## What to do
Please output the listing that follows exactly, but keep all images out.

## Available data
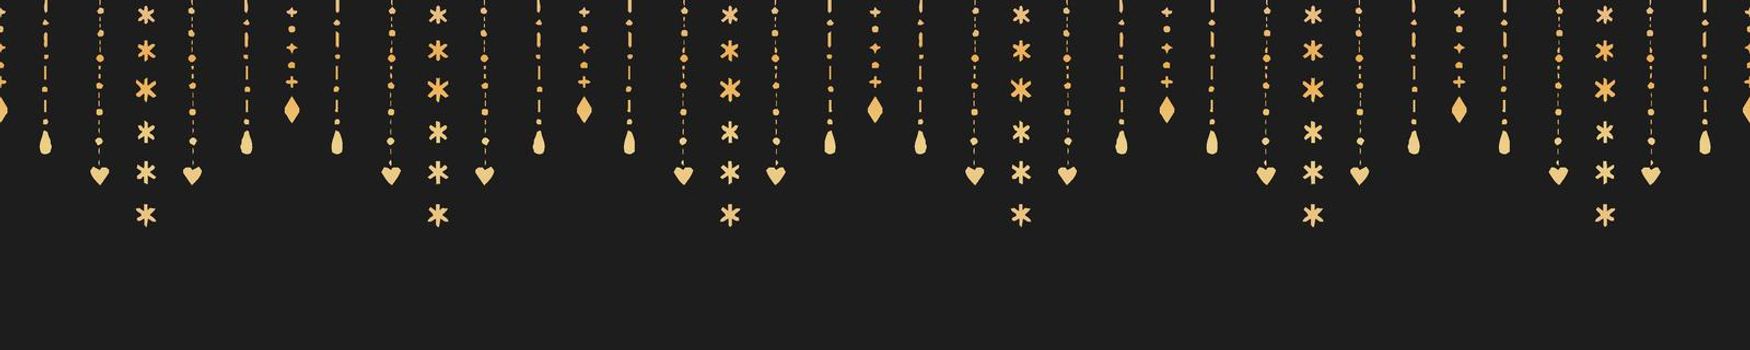 garland with different gold beads hand drawn festive seamless border pattern in trendy luxury style
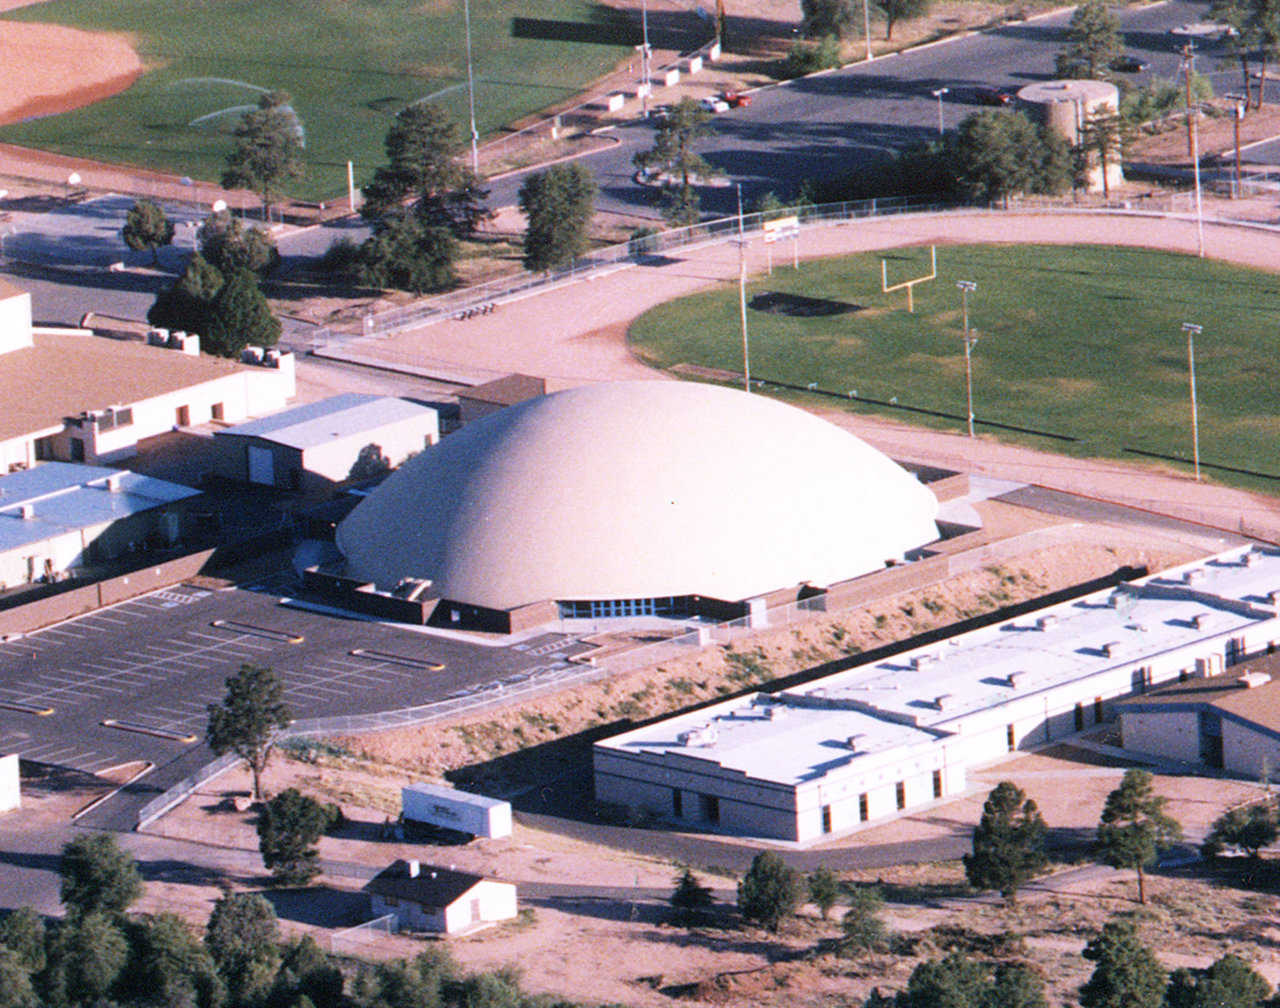 Aerial view — This Monolithic Dome sports center has a diameter of 200 feet.
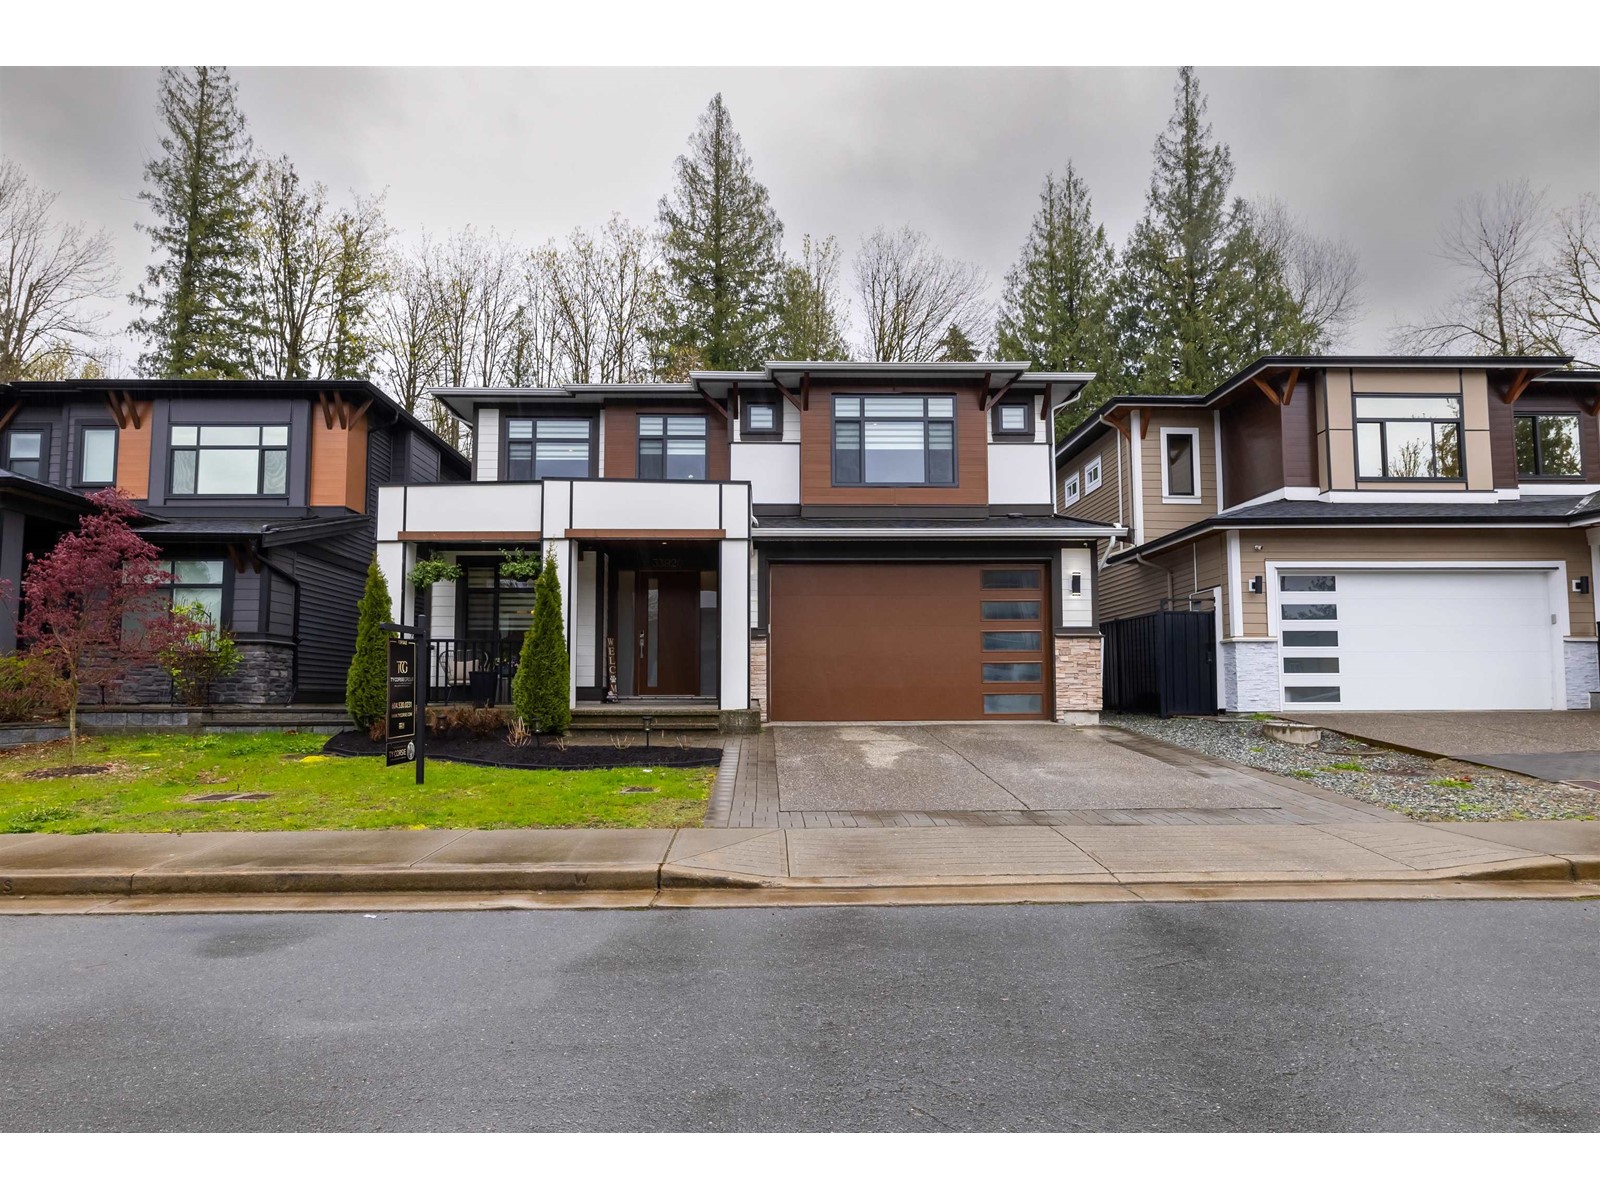 33920 TOOLEY PLACE, mission, British Columbia

## Expected answer
 garland with different gold beads hand drawn festive seamless border pattern in trendy luxury style
 Aerial view — This Monolithic Dome sports center has a diameter of 200 feet.
 33920 TOOLEY PLACE, mission, British Columbia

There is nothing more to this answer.